(Dataset excerpt begins)
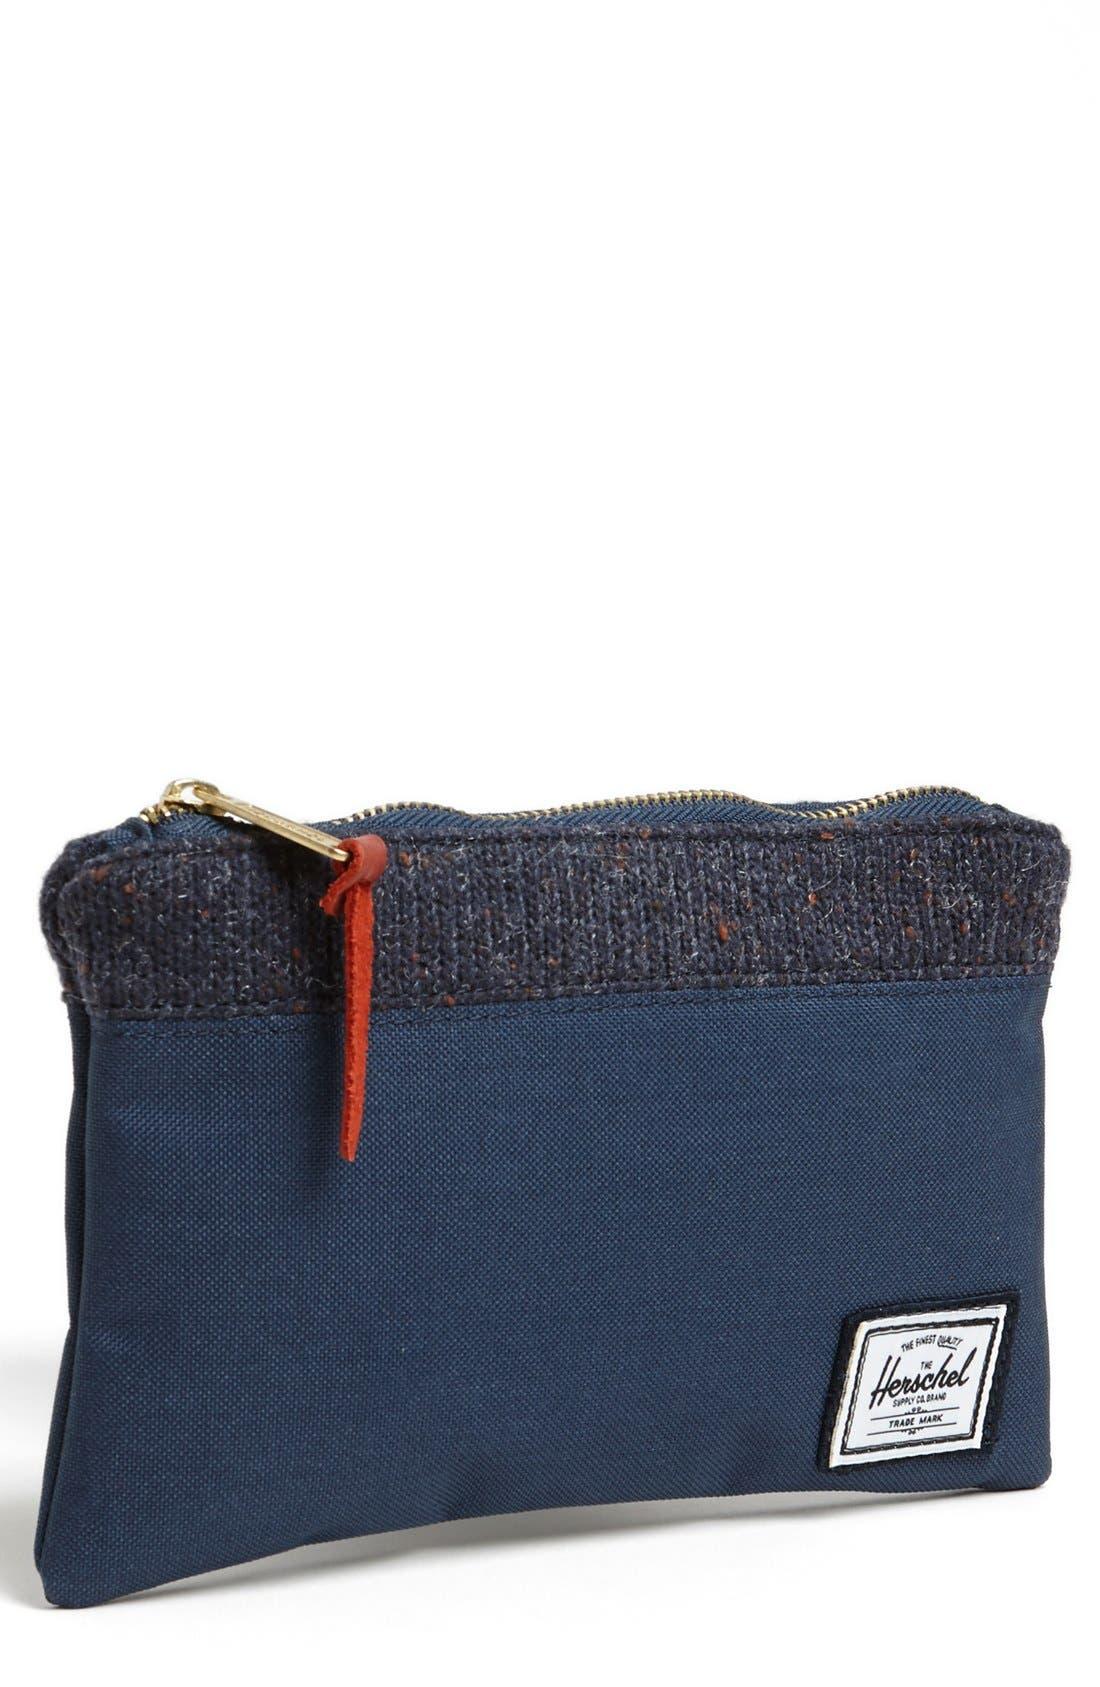 Main Image - Herschel Supply Co. Knit Trim Field Pouch
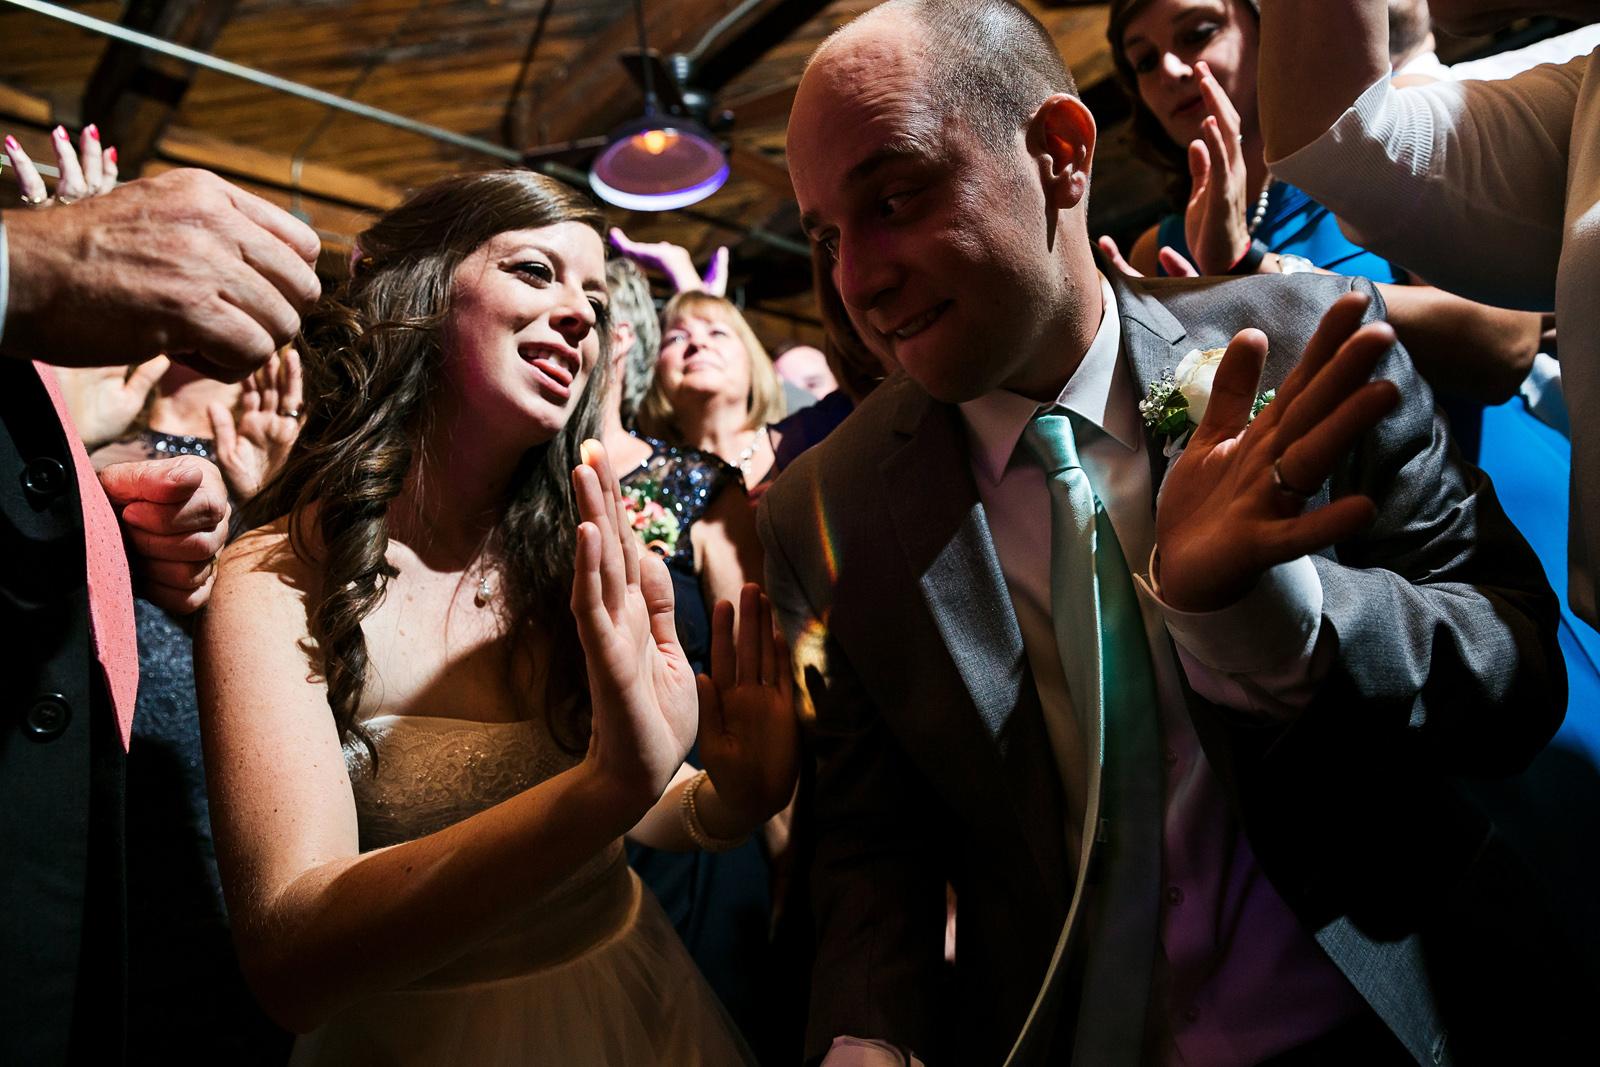 Oldani-Photography-St-Louis-Film-photographer-Schlafly-Tap-Room-Wedding-Reception_20140927_19491509.jpg
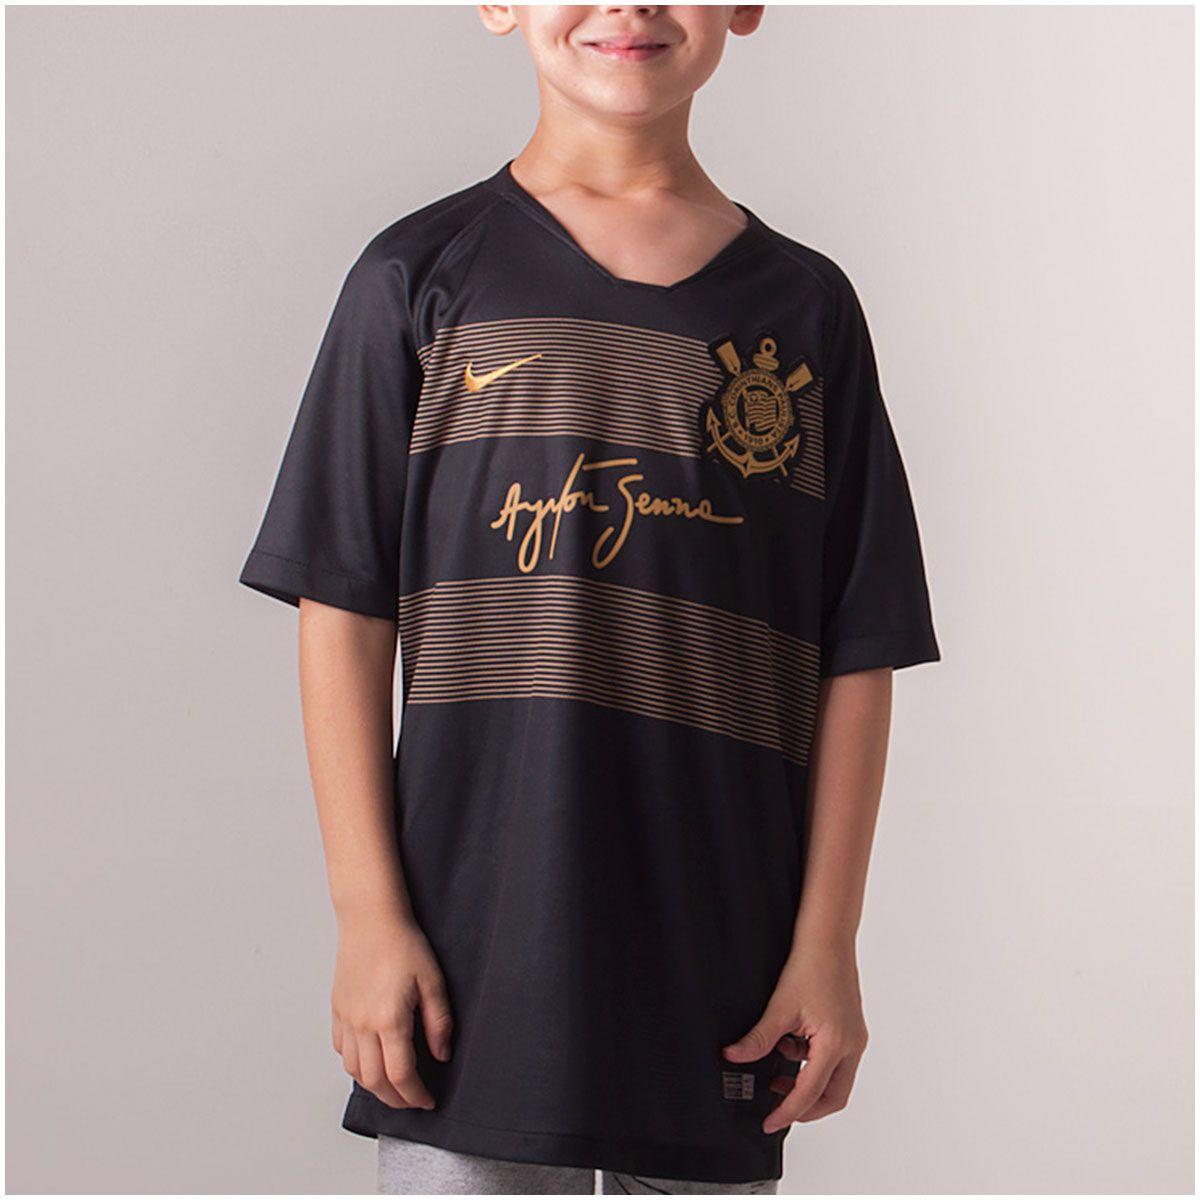 Camisa Corinthians III Nike Senna 2018 19 Infantil 88004901fde89
(Dataset excerpt ends)
● **What is expected**:
From the first line to the last, return the material above exactly, apart from the pictures.

● **Solved problem**:
 Main Image - Herschel Supply Co. Knit Trim Field Pouch
 Oldani-Photography-St-Louis-Film-photographer-Schlafly-Tap-Room-Wedding-Reception_20140927_19491509.jpg
 Camisa Corinthians III Nike Senna 2018 19 Infantil 88004901fde89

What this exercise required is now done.